本文致力于精细运动想象脑-机接口的机械臂控制系统的设计与优化,论文的主要工作和创新点归纳如下:

1.   本研究搭建了一套基于精细运动想象脑-机接口的机械臂控制系统。该系统通过解码单侧肢体不同关节的精细运动想象脑电图模式,并结合咬牙的脑电信号检测,实现了二维平面内对目标物体的抓取。系统分为三个主要部分:数据采集平台、数据预处理与算法平台、机械臂控制系统。数据采集平台实现对脑电信号的收集,并配备了视觉及听觉刺激模块,以满足不同模式下脑电数据采集需求;采集到的脑电信号通过TCP/IP协议传输至数据预处理与算法处理平台,该平台进行实时预处理与解码,并将解码结果传递至机械臂控制系统中;机械臂控制系统根据接收到的解码结果,执行预设动作,从而实现对机械臂的控制。该系统不仅为运动障碍患者提供了一种新型交互方法,而且可以为中风康复患者提供更加精细的康复训练方式。

2.   为了实现使用者对外设控制系统的高效控制,本研究基于自主搭建的基于精细运动想象脑-机接口的机械臂控制系统,设计了一套单侧肢体精细运动想象任务的多阶段训练范式,并采集了共计22名被试,66人次的实验数据。该范式由视觉反馈训练和三阶段的控制实验组成,首先,通过视觉反馈训练增强被试在精细运动想象的脑电信号可区分性,然后,三个渐进式的控制实验帮助被试通过想象精细运动和执行咬牙来控制机械臂。实验结果显示,视觉反馈训练实验有效地增强了被试在精细运动想象任务中的信号可区分度(p<0.1)。此外,在控制实验中,被试操作机械臂完成任务的效率也得到了显著提高(p<0.1),该范式为精细运动想象脑-机接口系统的使用者训练提供了指导。

3.   针对单侧肢体精细运动想象任务解码中准确率较低的问题,本研究提出了基于多频带黎曼特征与卷积神经网络联合的解码方法。该方法利用脑电数据的时频空特性,设计多频带黎曼流形进行特征提取,并且基于卷积神经网络的特征提取网络进一步挖掘高维特征,进行精细运动想象任务解码。在对自采的单侧肢体精细运动想象实验数据进行离线及在线测试中,我们的模型在精细肢体运动想象的解码任务中显示出优异的性能,不仅离线准确率达到了84.38%,在两组控制实验中也分别获得了74.54%76.59%的准确率,显著优于传统方法,为推动精细运动想象脑-机接口系统的实际应用提供了技术支持。

本文面向精细运动想象脑-机接口中,系统集成与测试验证方面的研究匮乏的问题,搭建了一套基于精细运动想象脑-机接口的机械臂控制系统,设计了多阶段训练范式,采集和分析了脑电和任务数据,并设计了精细运动想象解码算法,缓解了想象任务与外部设备输出模式之间的不一致性问题,为进一步拓展运动想象脑-机接口在康复治疗领域的应用提供关键的技术支撑。

Other Abstract

Brain-computer interface (BCI) technology aims to establish a bidirectional information pathway between the brain and external environmental devices. By decoding brain signals and providing feedback stimulation, it accomplishes specified tasks or repairs neural functions without relying on peripheral nervous and muscular tissues. Among these, BCIs based on motor imagery have broad application prospects in rehabilitation medicine and the enhancement of motor abilities. In the demand for precise control over external devices, fine motor imagery tasks have emerged as a critical research focus within the field of motor imagery.

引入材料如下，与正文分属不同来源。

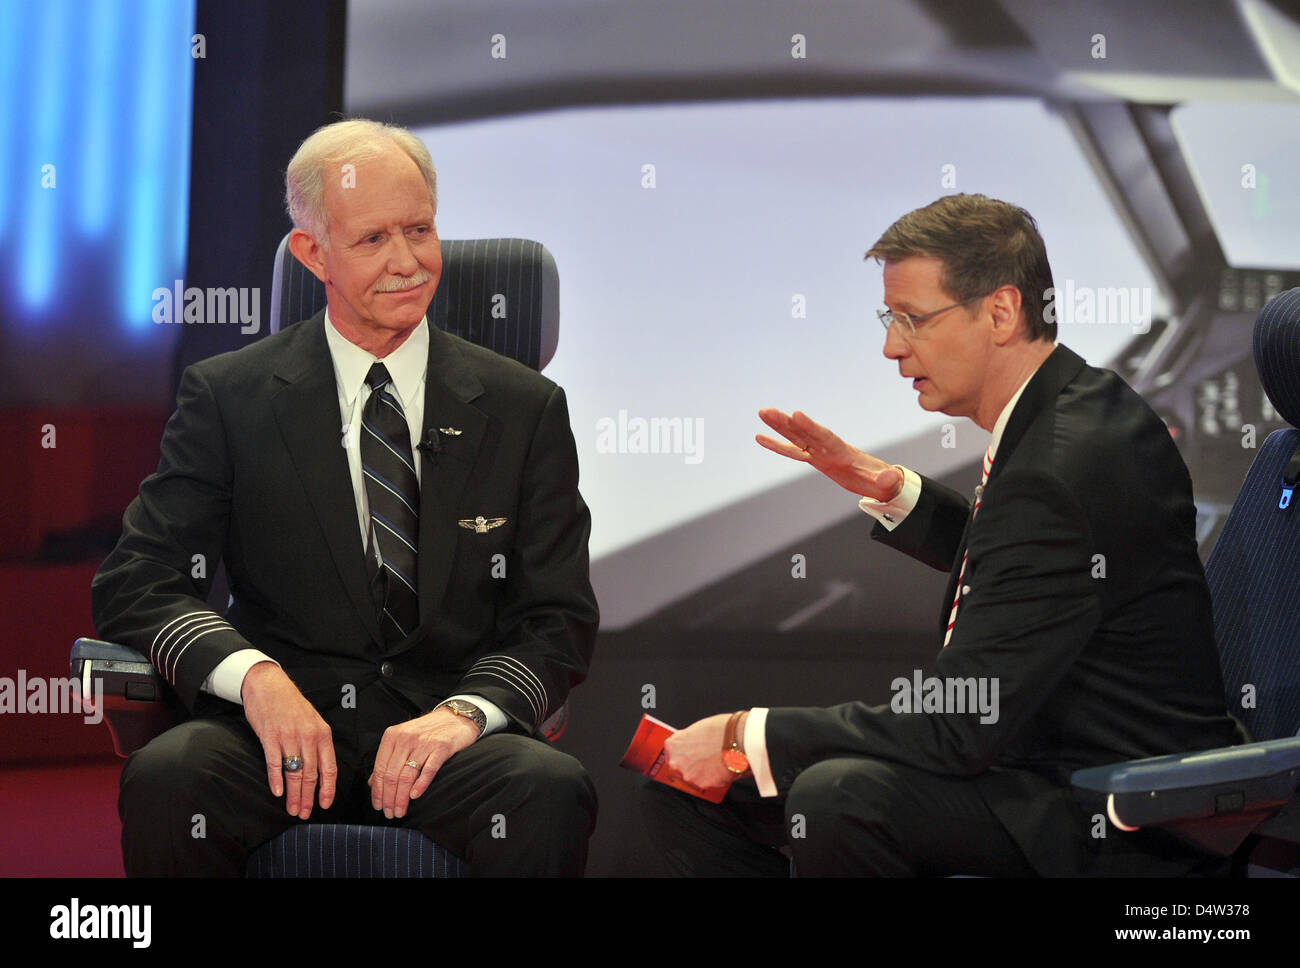 Chesley B. Sullenberger III (L), pilot of US Airways and 'hero of the Hudson', is a guest at the German television year end retrospective '2009! People, Pictures, Emotions' ('2009! Menschen, Bilder, Emotionen') hosted by Guenther Jauch in Cologne, Germany, 13 December 2009. Sullenberger had saved the lives of 155 passengers in an emergency ditching on the Hudson River in New York,  Stock Photo

These tasks are preferred over simpler limb imagery tasks, which may lead to discrepancies between intended movements and actual device commands, due to their significant potential in enhancing device control precision and expanding the operational command set.

This paper is dedicated to the design and optimization of a robotic arm control system for fine motor imagery BCIs, the main work and innovations of this thesis are summarized as follows:

1.This study has constructed a robotic arm control system based on fine motor imagery BCIs. The system decodes the electroencephalogram (EEG) patterns of fine motor imagery from unilateral limb joints, combined with the detection of teeth-clenching EEG signals, to achieve the grasping of target objects in a two-dimensional plane. The system consists of three main parts: a data collection platform, a data preprocessing and algorithm platform, and a robotic arm control system. The data collection platform collects EEG signals and is equipped with visual and auditory stimulation modules to meet the needs of EEG data collection under different modes; collected EEG signals are transmitted to the data preprocessing and algorithm platform via TCP/IP protocol. This platform performs real-time preprocessing and decoding, and the decoded results are passed to the robotic arm control system, which executes preset actions to control the robotic arm. This system not only provides a new interactive method for patients with motor disabilities but also offers more refined rehabilitation training for stroke recovery patients.

2.To achieve efficient control over peripheral device systems by users, this study developed a multi-stage training paradigm for unilateral limb fine motor imagery tasks, based on a self-constructed robotic arm control system utilizing fine motor imagery BCI. Data were collected from a total of 22 subjects, amounting to 66 experimental sessions. The paradigm consists of visual feedback training and three stages of control experiments. Initially, visual feedback training was used to enhance the distinguishability of EEG signals during fine motor imagery. Subsequently, three progressive control experiments aided subjects in controlling the robotic arm through the imagination of fine movements and the execution of teeth clenching. The experimental results demonstrated that the visual feedback training increased the signal distinguishability in fine motor imagery tasks (p<0.1). Furthermore, in the control experiments, the efficiency with which subjects operated the robotic arm to complete tasks significantly improved. This paradigm provides guidance for training users of fine motor imagery BCI systems.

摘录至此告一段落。